1. Implement the [CacheStorage](https://github.com/zilliztech/GPTCache/blob/main/gptcache/manager/scalar_data/base.py) interface
2. Make sure the newly added third-party libraries are lazy imported and automatic installation
4. Add the new store to the [CacheBase](https://github.com/zilliztech/GPTCache/blob/main/gptcache/manager/scalar_data/manager.py) method
5. Add a usage example to [example](https://github.com/zilliztech/GPTCache/tree/main/examples/data_manager) directory and add the corresponding content to [example.md](https://github.com/zilliztech/GPTCache/blob/main/examples/README.md) [README.md](https://github.com/zilliztech/GPTCache/blob/main/README.md)

## Add a vector store type

refer to the implementation of [milvus](https://github.com/zilliztech/GPTCache/blob/main/gptcache/manager/vector_data/milvus.py).

1. Implement the [VectorBase](https://github.com/zilliztech/GPTCache/blob/main/gptcache/manager/vector_data/base.py) interface
2. Make sure the newly added third-party libraries are lazy imported and automatic installation
3. Add the new store to the [VectorBase](https://github.com/zilliztech/GPTCache/blob/main/gptcache/manager/vector_data/manager.py) method
4. Add a usage example to [example](https://github.com/zilliztech/GPTCache/tree/main/examples/data_manager) directory and add the corresponding content to [example.md](https://github.com/zilliztech/GPTCache/blob/main/examples/README.md) [README.md](https://github.com/zilliztech/GPTCache/blob/main/README.md)

## Add a new data manager

refer to the implementation of [MapDataManager, SSDataManager](https://github.com/zilliztech/GPTCache/blob/main/gptcache/cache/data_manager.py).
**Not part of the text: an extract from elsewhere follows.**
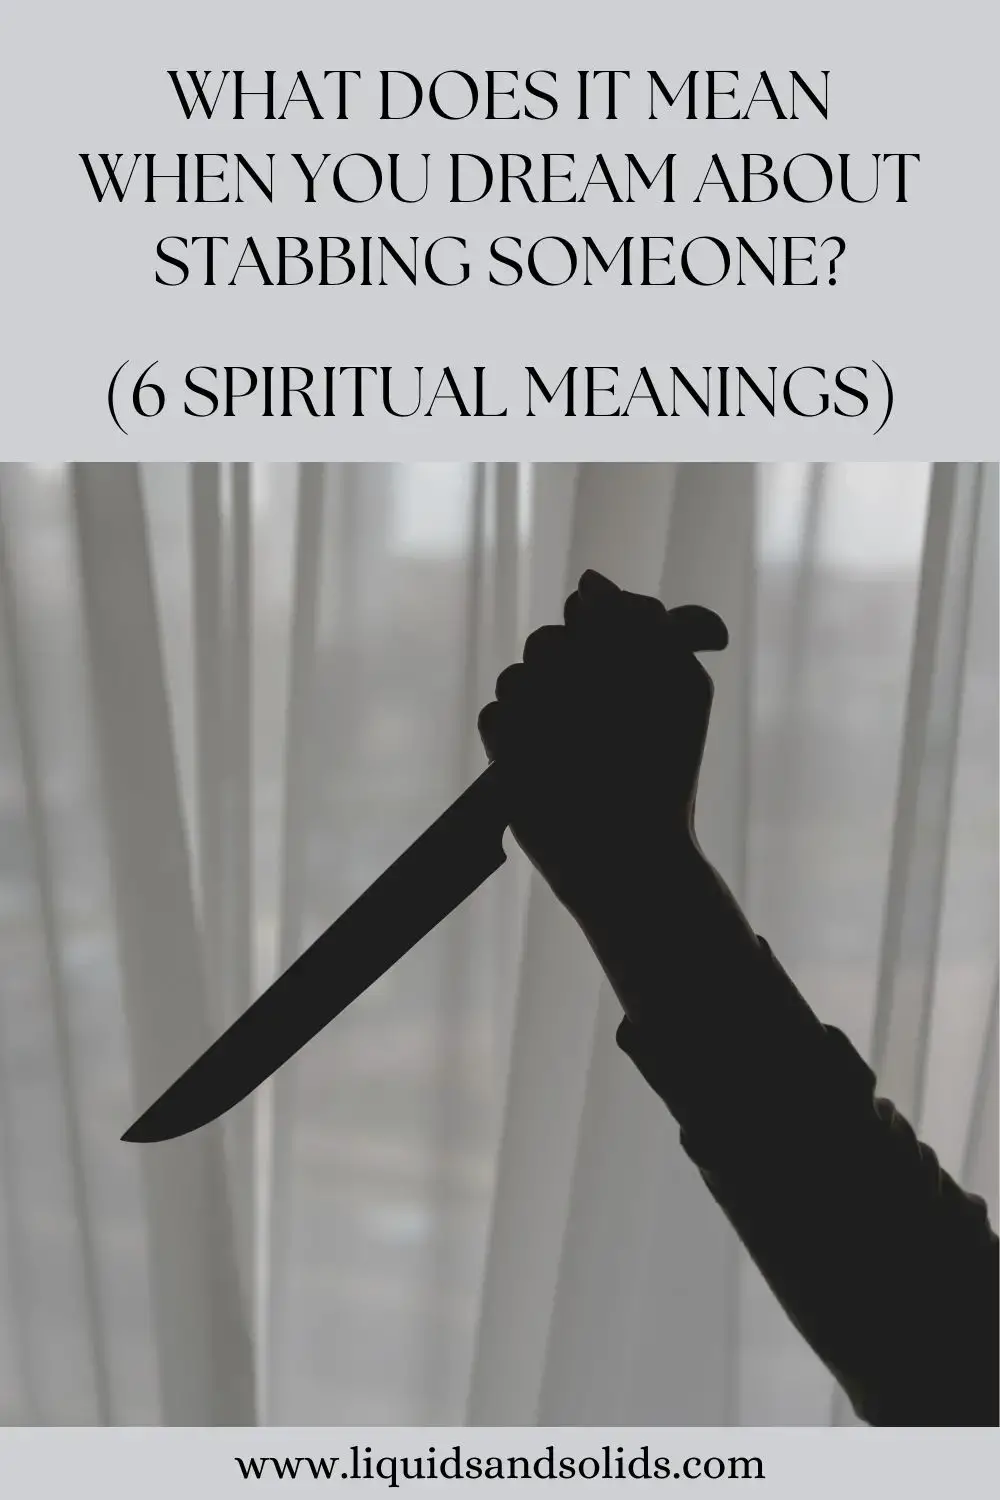 4. Stabbing
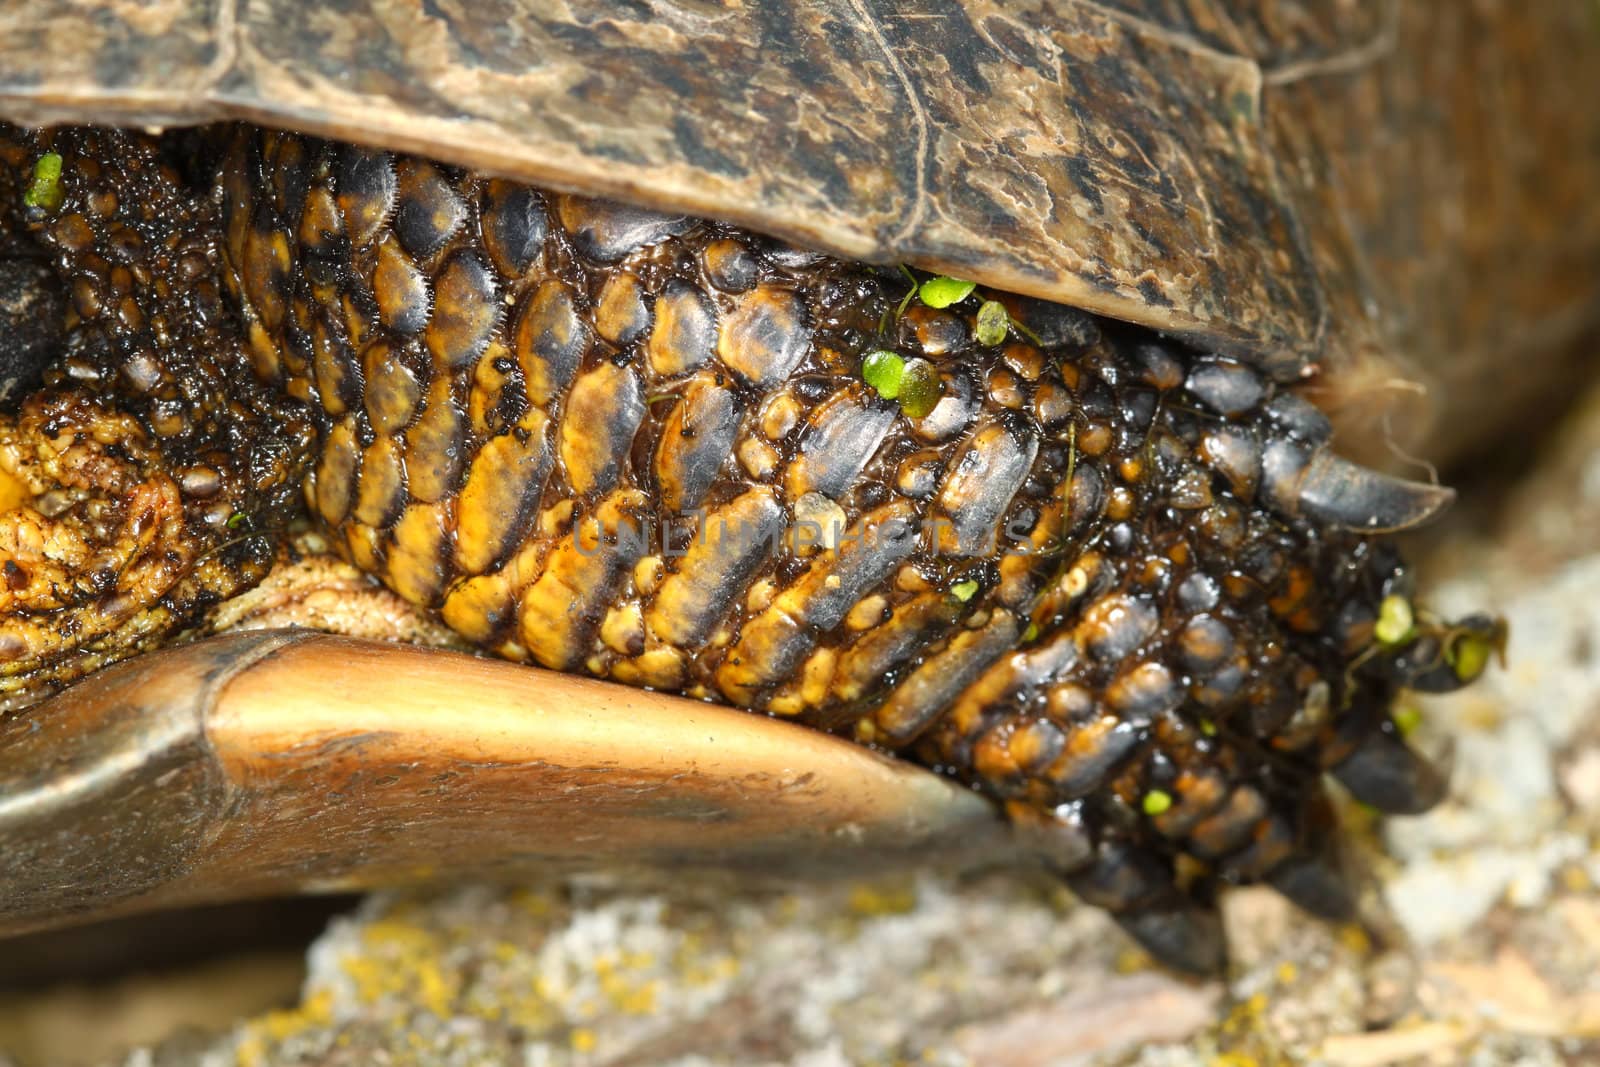 Protective scales cover the leg of a Blandings Turtle (Emydoidea blandingii).

1. Implement the [DataManager](https://github.com/zilliztech/GPTCache/blob/main/gptcache/manager/data_manager.py) interface
2. Add the new store to the [get_data_manager](https://github.com/zilliztech/GPTCache/blob/main/gptcache/manager/data_manager.py) method
3. Add a usage example to [example](https://github.com/zilliztech/GPTCache/tree/main/examples/data_manager) directory and add the corresponding content to [example.md](https://github.com/zilliztech/GPTCache/blob/main/examples/README.md) [README.md](https://github.com/zilliztech/GPTCache/blob/main/README.md)

## Add a embedding function

refer to the implementation of [cohere](https://github.com/zilliztech/GPTCache/blob/main/gptcache/embedding/cohere.py) or [openai](https://github.com/zilliztech/GPTCache/blob/main/gptcache/embedding/openai.py).

1. Add a new python file to [embedding](https://github.com/zilliztech/GPTCache/tree/main/gptcache/embedding) directory
2. Make sure the newly added third-party libraries are lazy imported and automatic installation
3. Implement the embedding function and **make sure** your output dimension
4. Add a usage example to [example](https://github.com/zilliztech/GPTCache/tree/main/examples/embedding) directory and add the corresponding content to [example.md](https://github.com/zilliztech/GPTCache/blob/main/examples/README.md) [README.md](https://github.com/zilliztech/GPTCache/blob/main/README.md)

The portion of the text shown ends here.